Par Antoine Cantin-Brault.

Elles le deviennent surtout quand on cesse de les répéter bêtement et qu’on s’y arrête consciemment. Une des pires est certainement celle-ci : « le temps c’est de l’argent ». Le temps le plus riche n’est assurément pas relié à l’argent. L’argent ne définit le temps que dans un monde qui a perdu le sens du temps et de l’histoire.

Une autre expression irritante : « il faut sortir des sentiers battus ». L’expression, en soi, n’a rien de bien terrible : elle invite simplement à penser de manière nouvelle, différente, pour développer la créativité. Il s’agit de « sortir de la boîte » (think outside the box), de sortir de cette boîte qui nous serait devenue un carcan, une prison. 

On dira que toutes les nouvelles idées viennent en sortant des sentiers battus, mais ces nouvelles idées sont-elles les plus profondes? Les idées les plus profondes et pérennes nous viennent-elles en sortant de la boîte? Encore faut-il comprendre ce qu’est cette « boîte » ici.

À quoi ressemble une pensée sortie des sentiers battus? C’est une pensée qui, à première vue, peut sembler libre, mais elle n’est libre que parce qu’elle est détachée de tout, elle pense à vide, elle n’a plus d’ancrage. Elle devient artificiellement libre et projette sur le monde ses chimères. Elle cherche à mettre le monde à sa mesure, elle ne veut pas de la mesure du monde.

Les sentiers restent pourtant bien présents, des sentiers mesurés selon le chemin à parcourir, des sentiers qui, pour plusieurs d’entre eux, ont prouvé leur valeur en dirigeant quelque part, des sentiers remplis de sagesse.
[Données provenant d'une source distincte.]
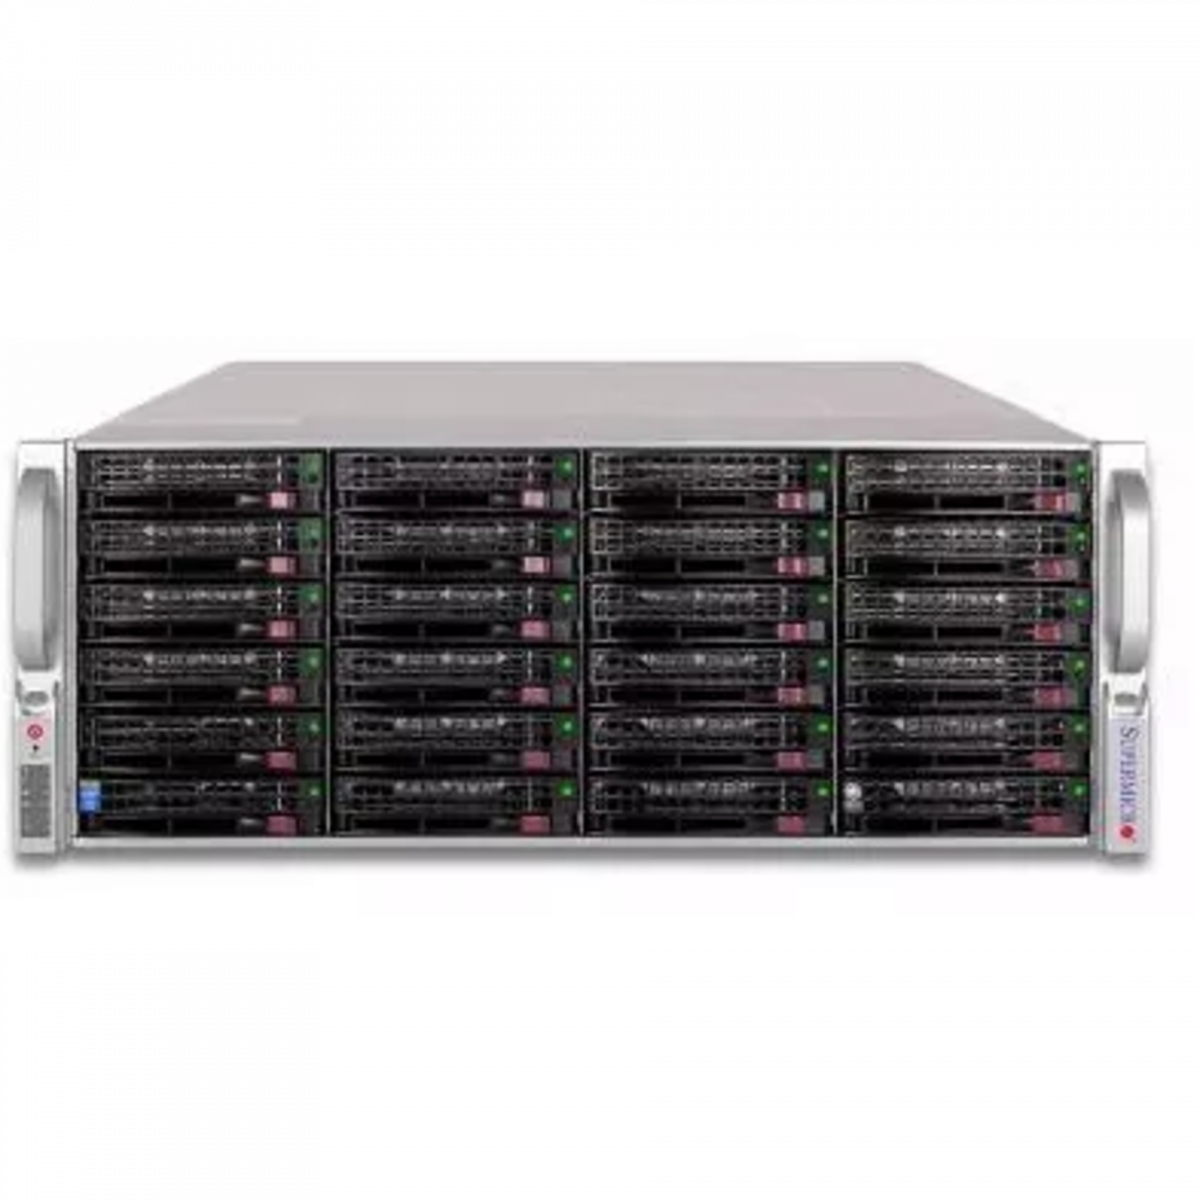 Сервер Supermicro SSG-6047R-E1R36N, 2 процессора Intel 10C E5-2680v2 2.20GHz, 64GB DRAM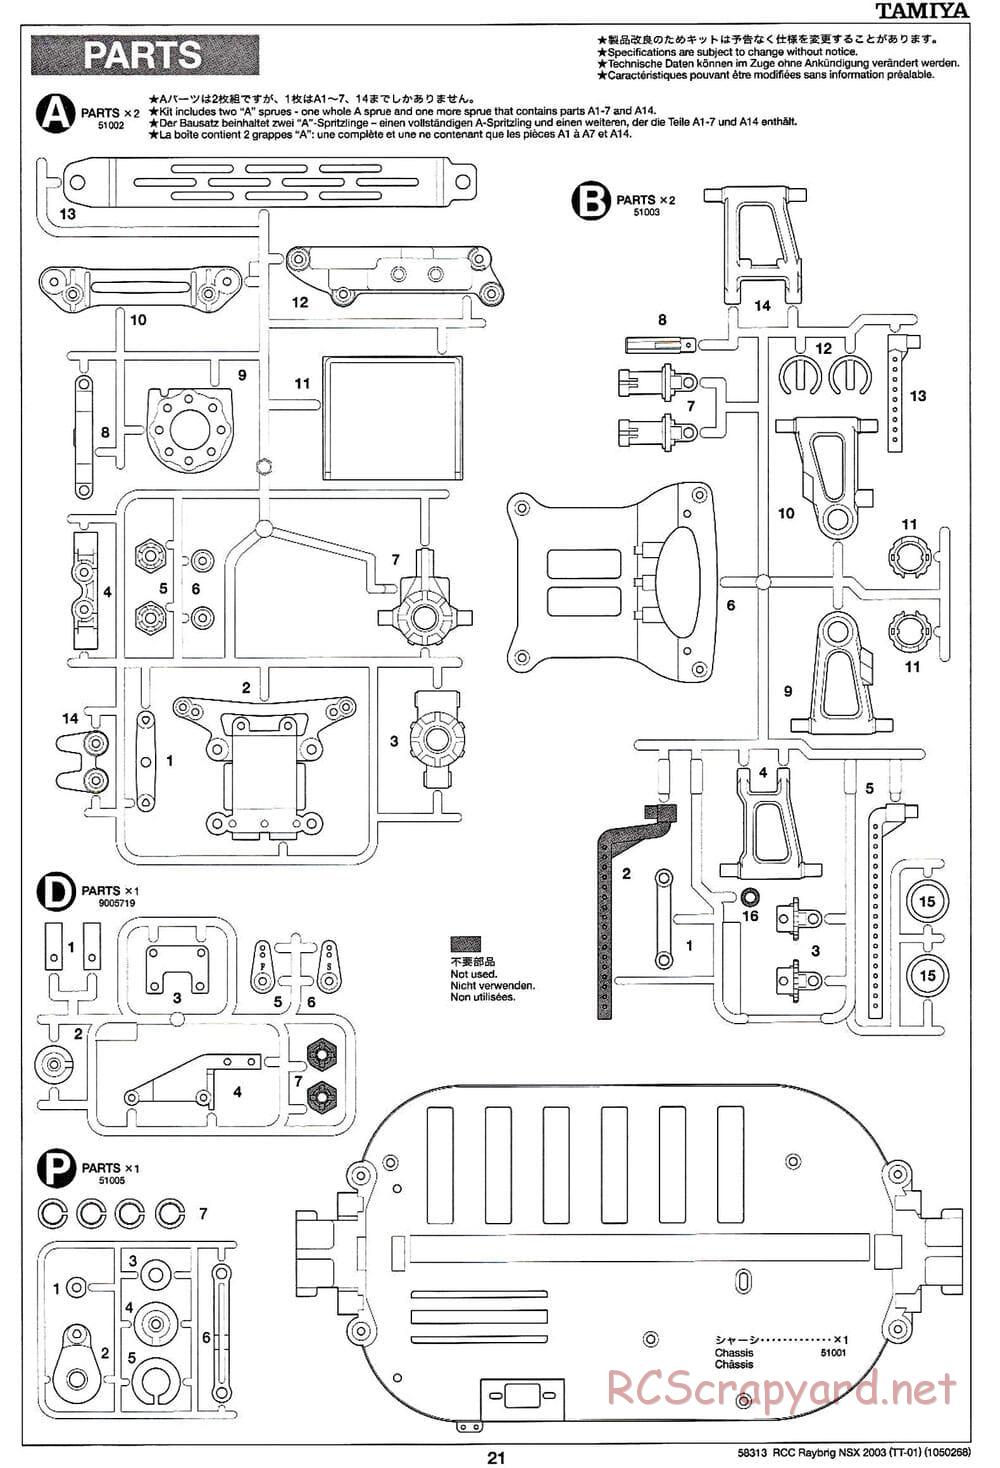 Tamiya - Raybrig NSX 2003 - TT-01 Chassis - Manual - Page 21

Ces sentiers sont de véritables méthodes, au sens où étymologiquement le mot « metaodos » en grec signifie « suivre une voie ». La voie se dessine en épousant ce vers quoi on veut aller, en épousant la forme de la chose que l’on veut penser. La pensée pense mieux quand elle se conforme à la « boîte » qui s’offre à elle. 

Par exemple, on installe dans les salles de classe une nouvelle technologie, mais cette technologie, certes à l’avant-garde au point de vue technologique, n’épouse pas du tout les besoins des personnes enseignantes, ni des élèves. On est certes sorti de la boîte, mais on ne retrouve plus le chemin menant à de véritables résultats pédagogiques. 

Autre exemple : Monsanto a introduit dès 1973 le Roundup à base de glyphosate pour rendre les cultures résistantes aux insectes, mais cela avec des conséquences extrêmement néfastes pour l’écosystème et les humains. La « boîte » écologique a été dépassée, sans penser aux dangers potentiels.

Les choses ont leur vérité et leur sens, et les choses doivent être approchées d’une certaine façon pour livrer cette vérité et ce sens. Les choses se révèleront à nous en les approchant comme elles le demandent, et non en projetant sur elles violemment nos abstractions. De nouveaux sentiers sont certes souhaitables, s’ils sont la continuation, et non la pure négation, des sentiers battus.